◆ **Data extract**
============

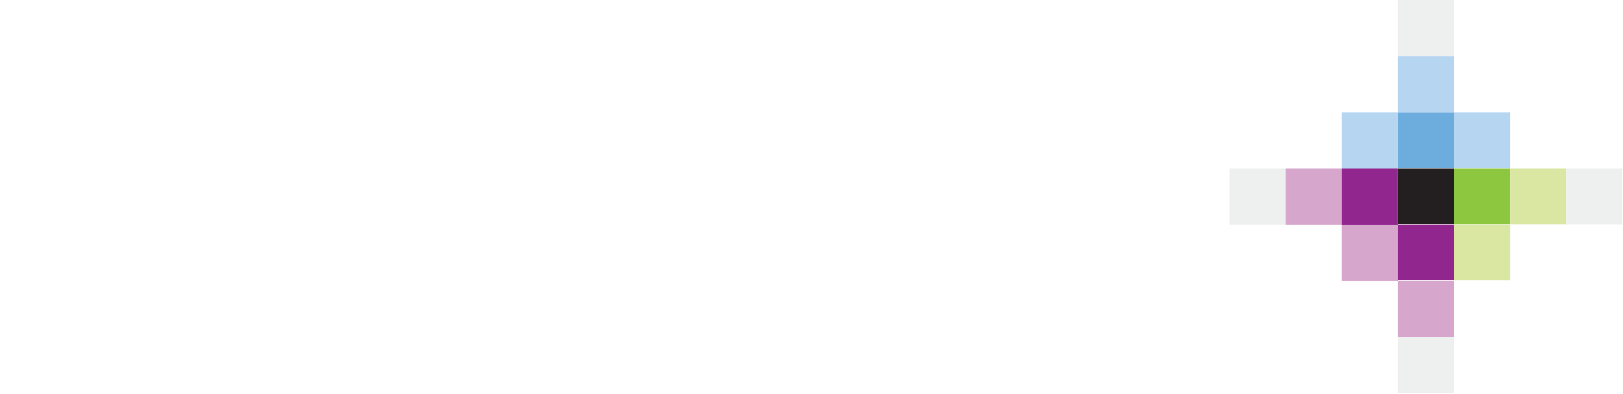 Volaris
 logo grand pour les fonds sombres (PNG transparent)
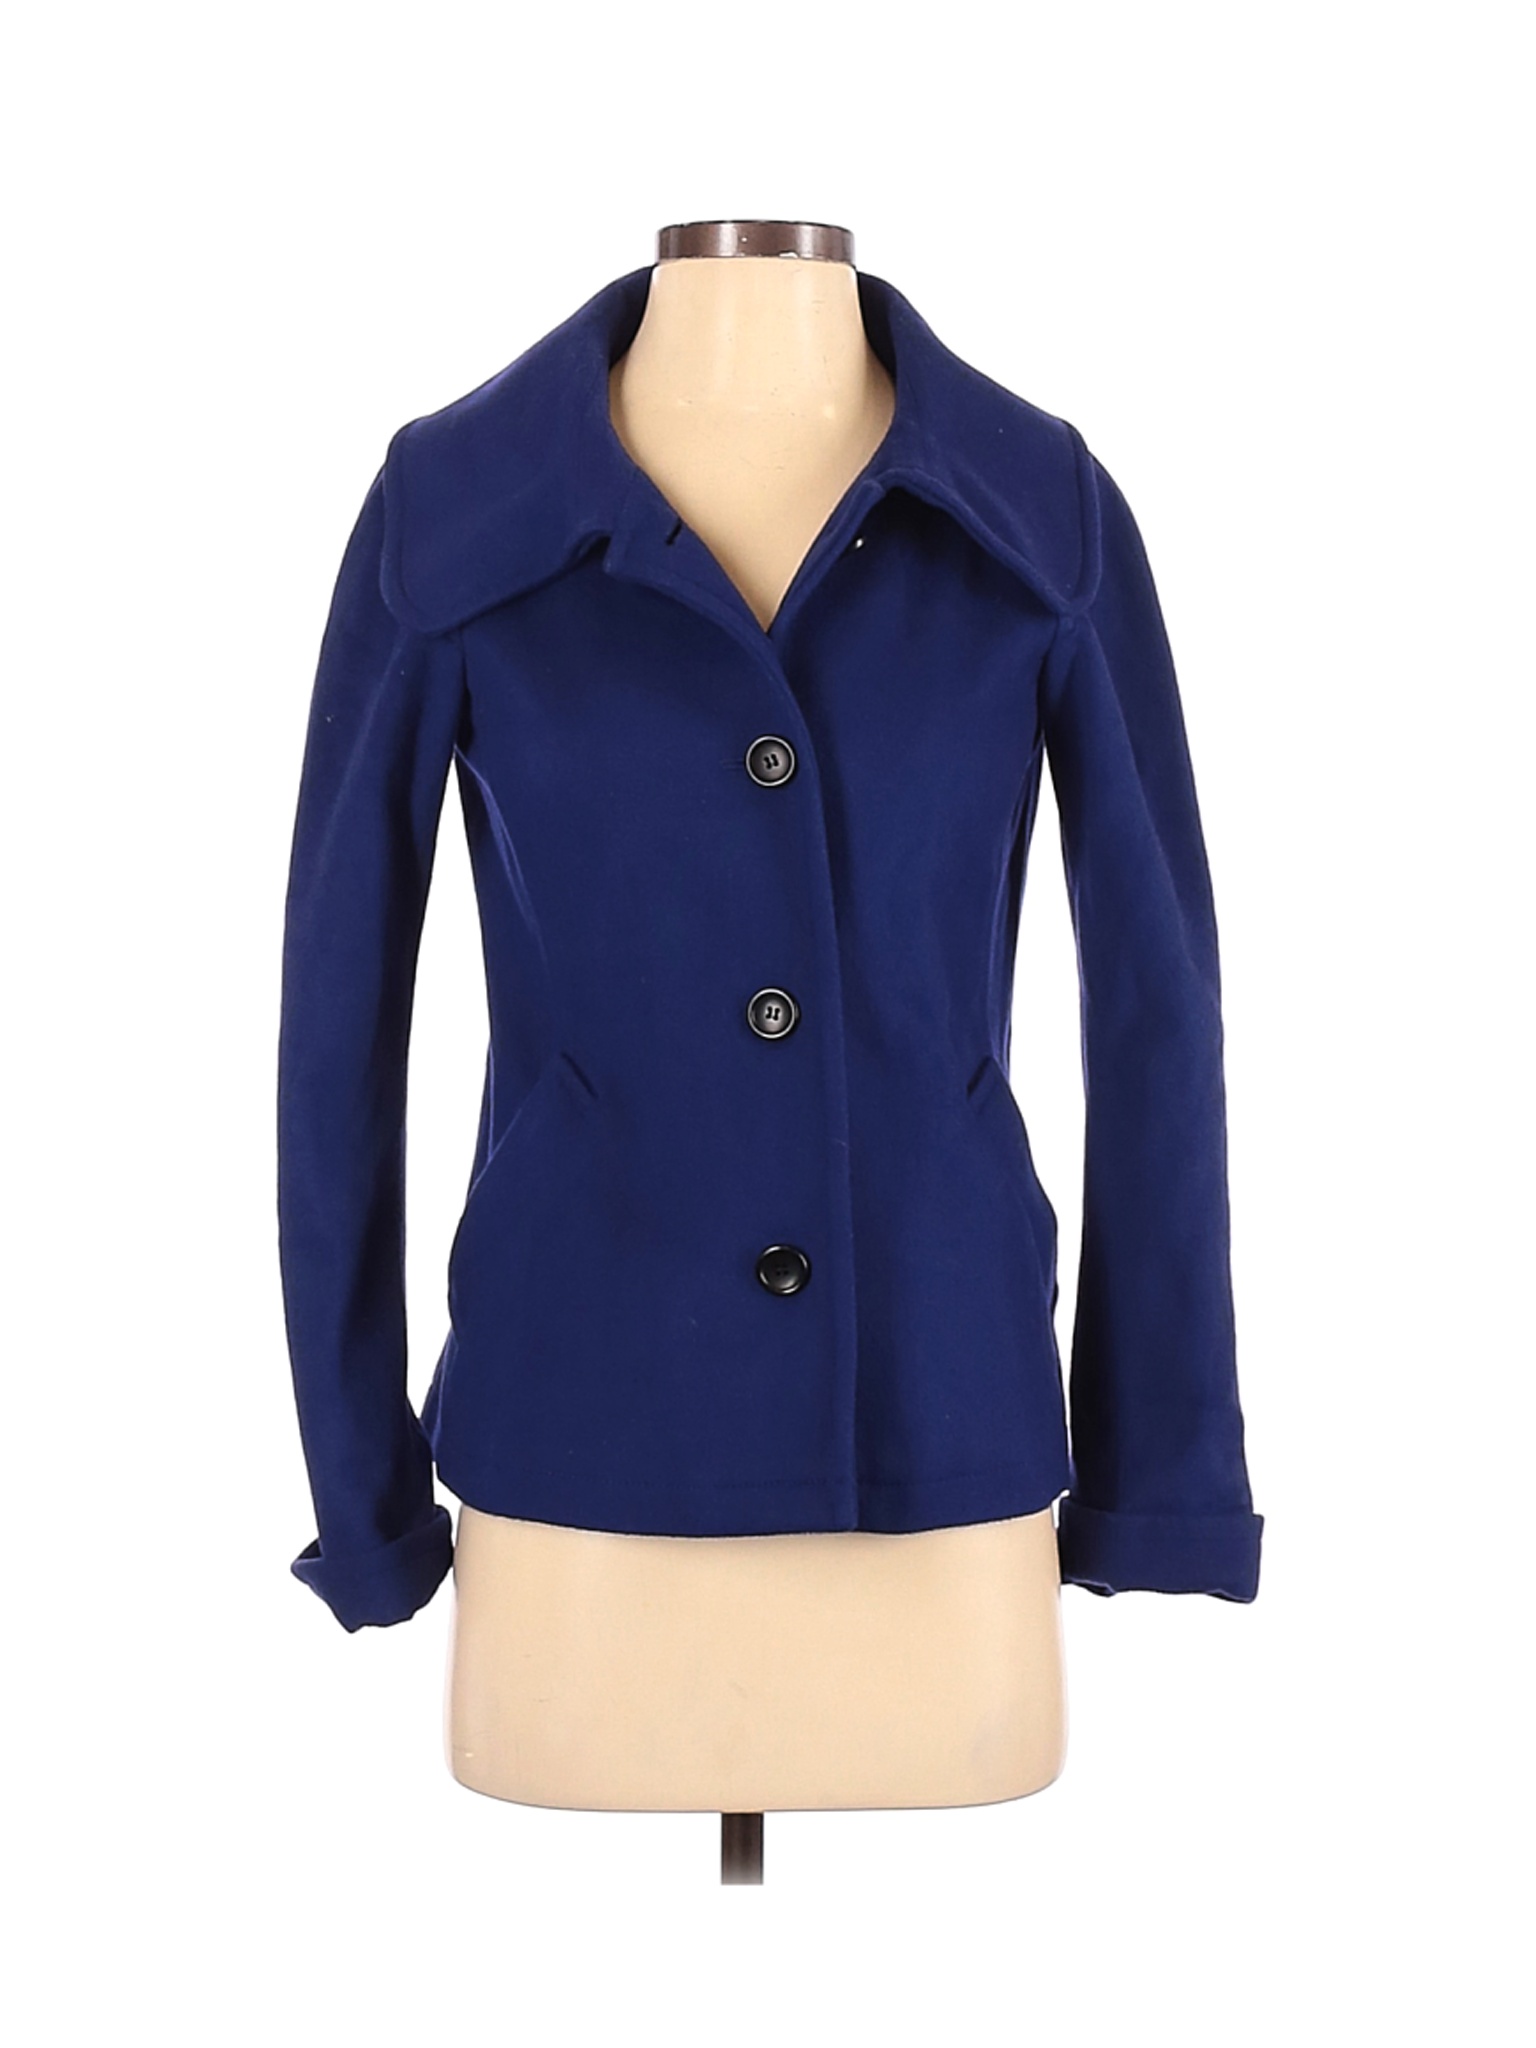 Theory Women Blue Wool Coat S | eBay

============

◆ **Exercise details**
Reproduce the data verbatim. Do not carry any picture into the copy.

◆ **Exercise solution**
 Volaris
 logo grand pour les fonds sombres (PNG transparent)
 Theory Women Blue Wool Coat S | eBay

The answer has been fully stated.